Defendants challenged the typicality and adequacy of three of the class representatives – D&G, Inc. d/b/a Gary’s Foods, Blue Goose Super Market, Inc., and Millenium Operations, Inc. d/b/a R.C. Dick’s Market – on the grounds that: unlike many class members, D&G and Blue Goose never negotiated long-term supply agreements with individually negotiated pricing terms; and D&G and Millenium switched to co-ops as their primary suppliers. The court found that typicality was met because “[e]ach class representative is a member of the class it seeks to represent, and the claims brought by the class representatives are based on the same legal theory.”
Defendants did not dispute the qualifications of Plaintiffs’ counsel, who the court appointed as class counsel, including Kotchen & Low LLP.
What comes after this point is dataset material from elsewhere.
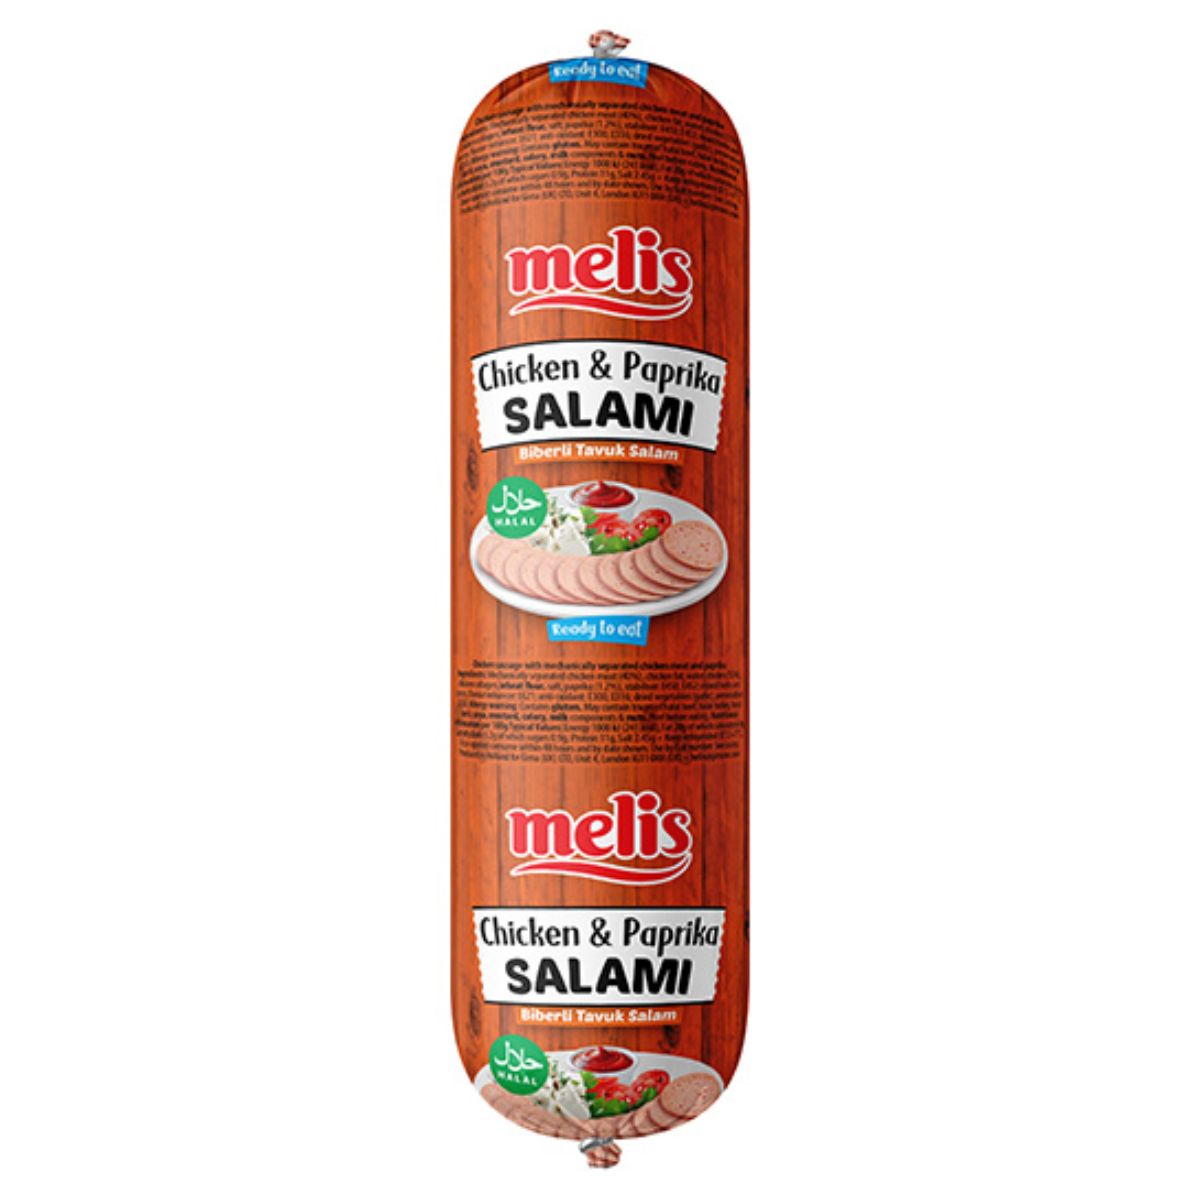 Melis - Hot Chicken Salami (Halal) - 500g's chicken and salami sausage.

Finally, Defendants challenged the predominance of common issues. The court accepted Plaintiffs’ argument that impact could be demonstrated with common evidence based on a three-step analysis: first, that the asset swap enabled Defendants to charge supra-competitive net margins; second, that the supra-competitive margins show that SuperValu charged supra-competitive ABS prices; and third, that every class member paid supra-competitive prices because they all made purchases in all four ABS product categories and were charged under the same ABS formula for the vast majority of their purchases.
Judge Montgomery has ordered that the parties must be ready for trial in 2017.